MATERIAL PROVIDED -
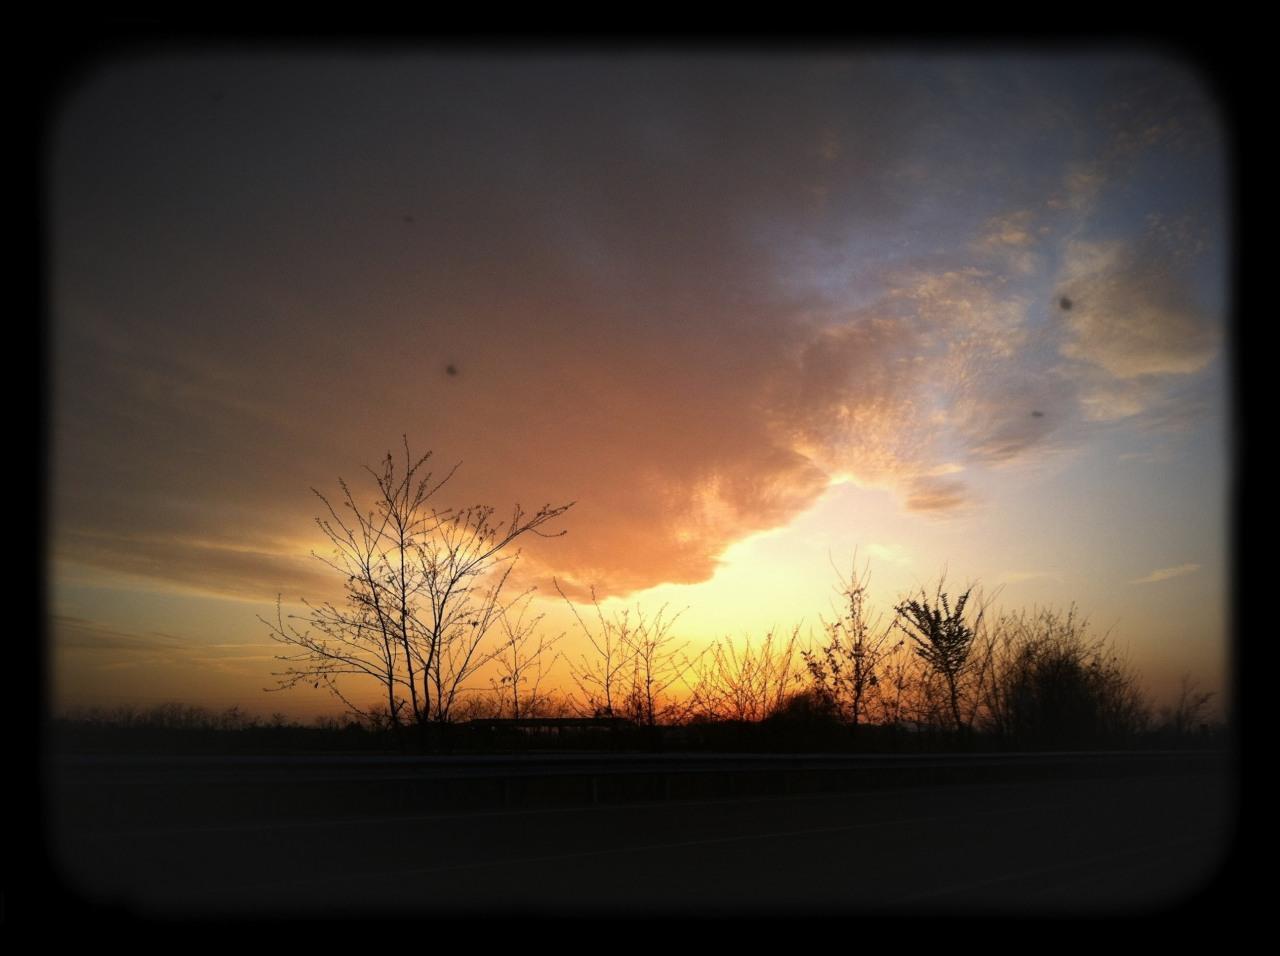 tramonto gussago brescia foto di tramonti foto di campagna nuvole al tramonto
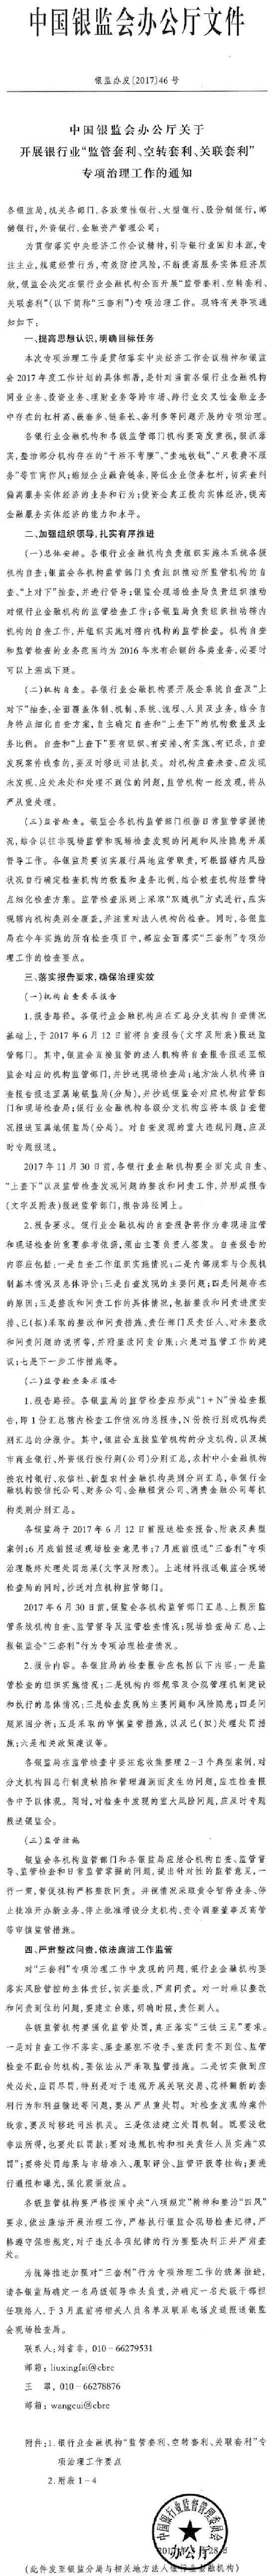 银监办2017 46号原文 关于开展银行业监管、空转、关联套利专项治理
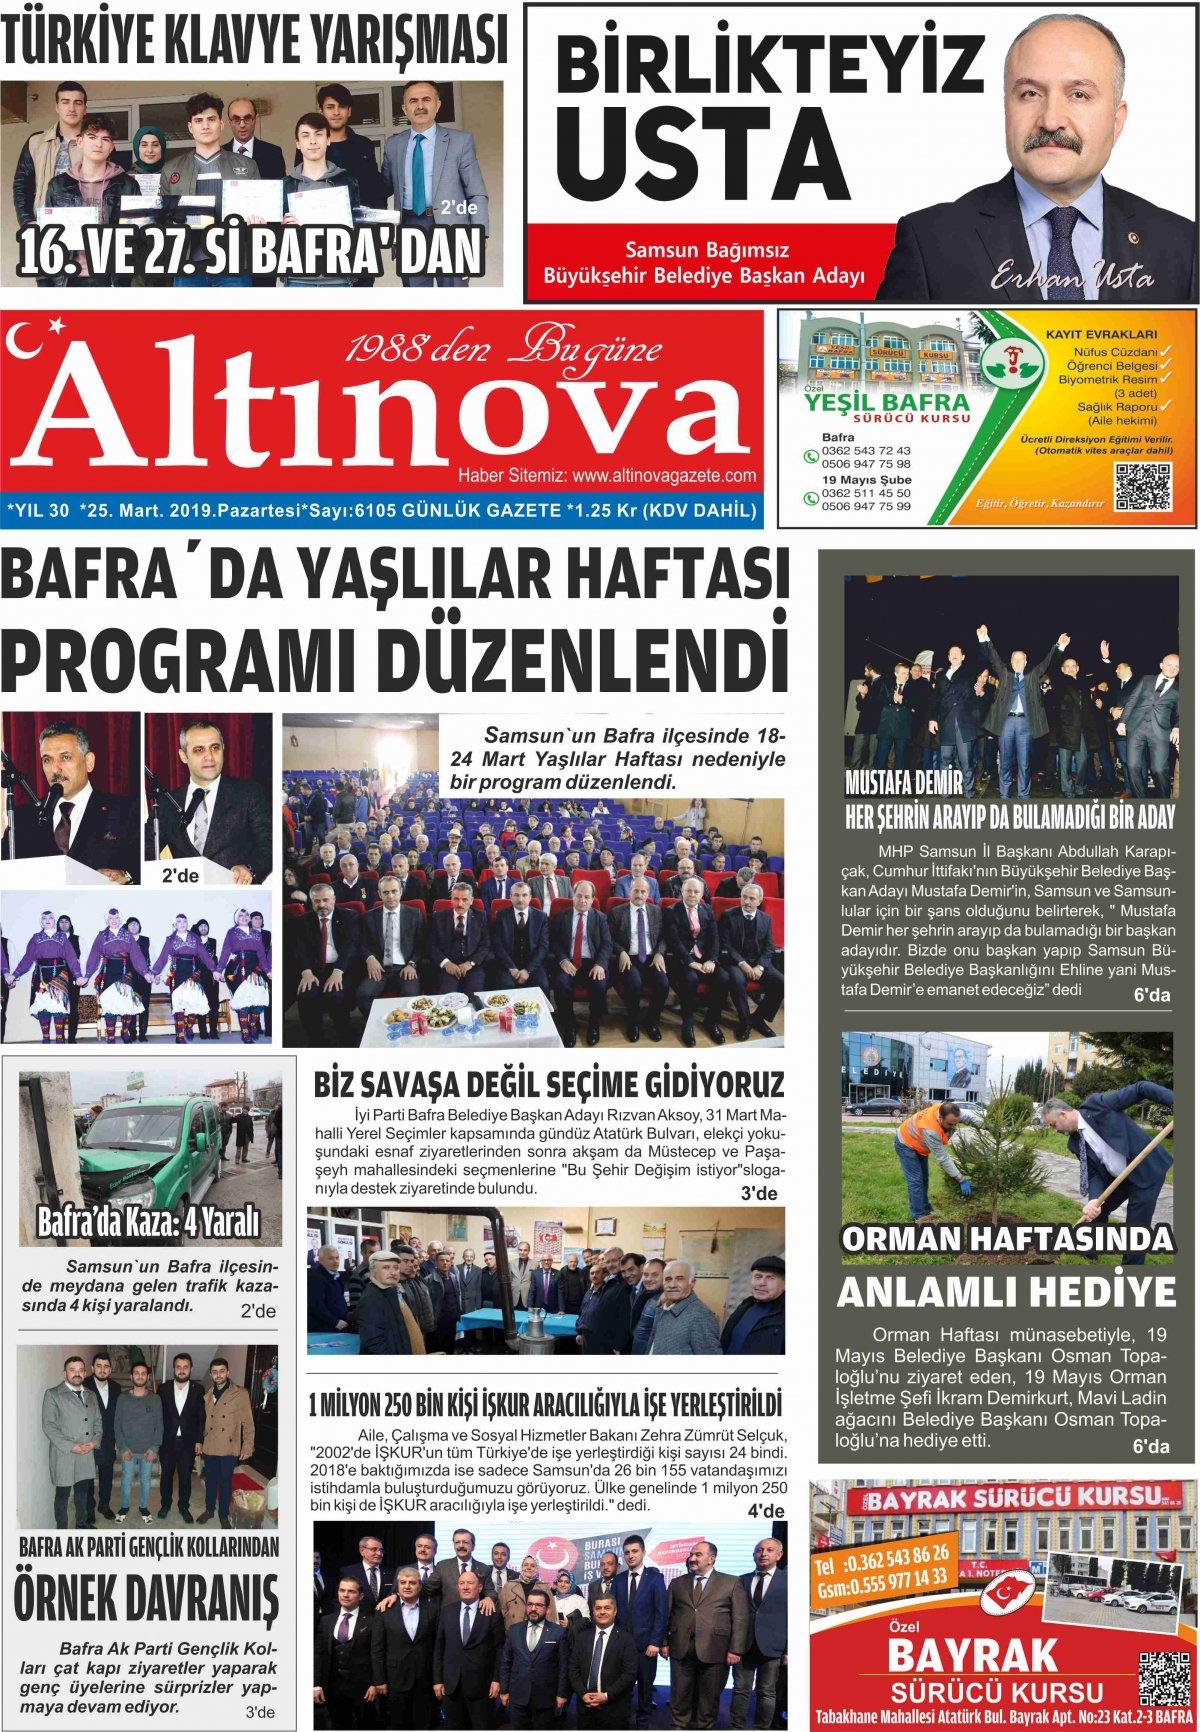 Samsun Bafra Haberleri | Samsun Haberleri - Haber, Haberler - 25.03.2019 Manşeti
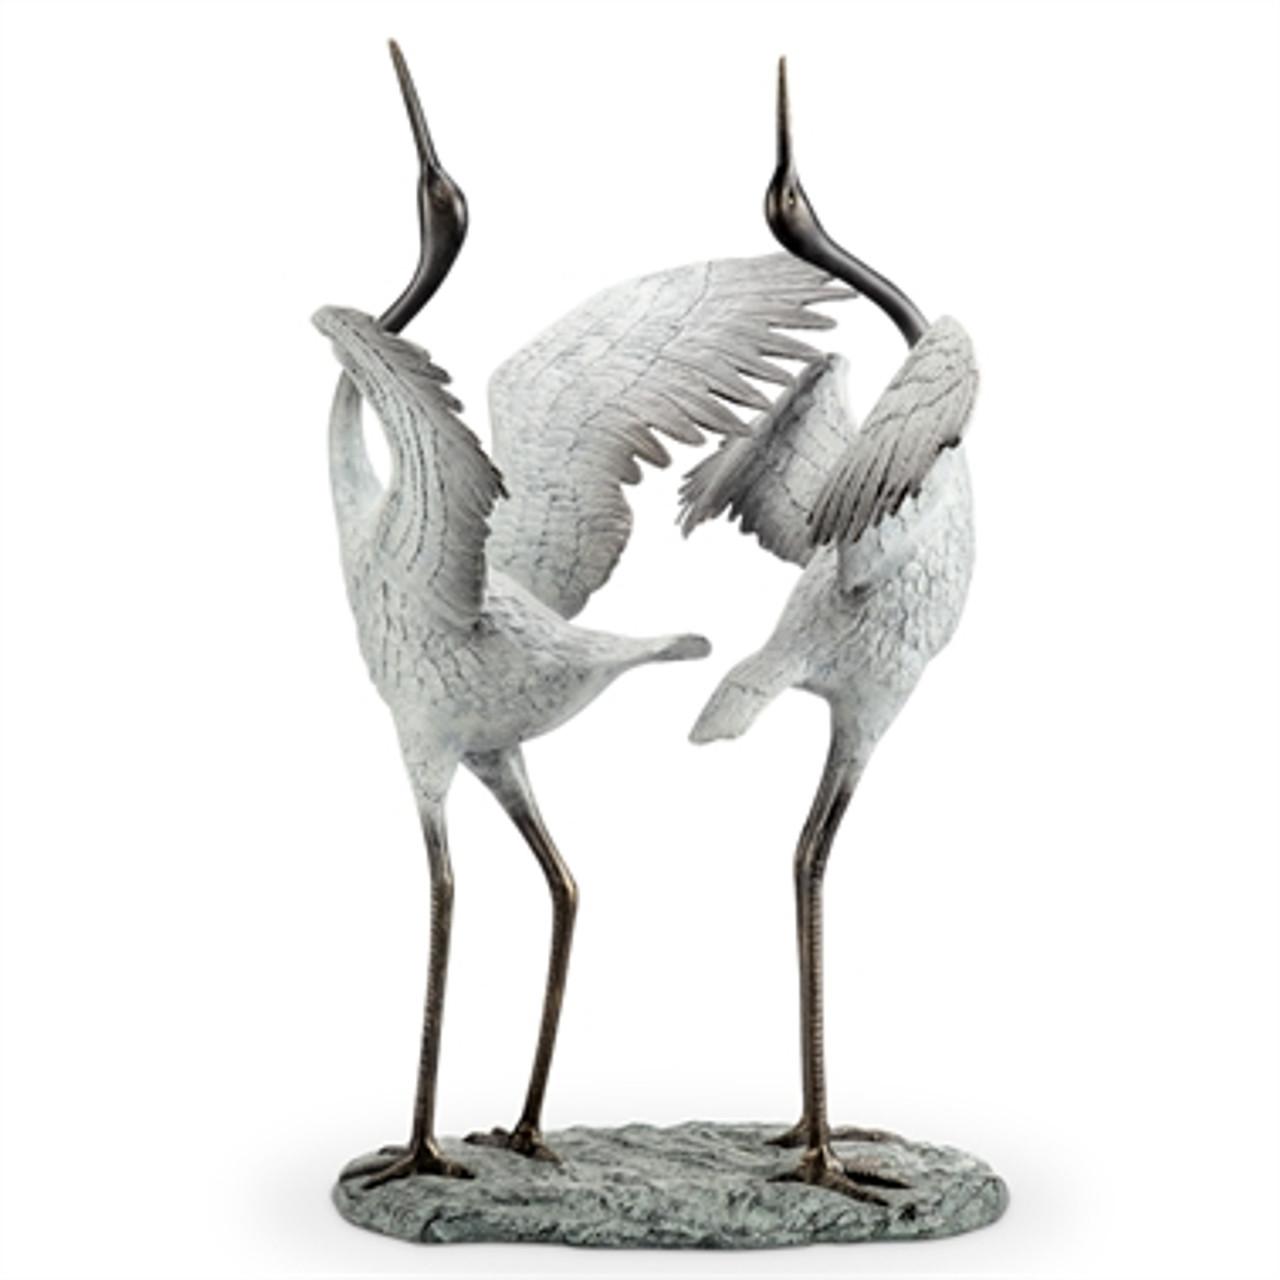 Good Fortune Garden Sculpture - Herons

WORK TO BE COMPLETED - The data above are to be repeated word for word, with any pictures left out.

RESPONSE TO THIS EXERCISE -
 tramonto gussago brescia foto di tramonti foto di campagna nuvole al tramonto
 银监办2017 46号原文 关于开展银行业监管、空转、关联套利专项治理
 Samsun Bafra Haberleri | Samsun Haberleri - Haber, Haberler - 25.03.2019 Manşeti
 Good Fortune Garden Sculpture - Herons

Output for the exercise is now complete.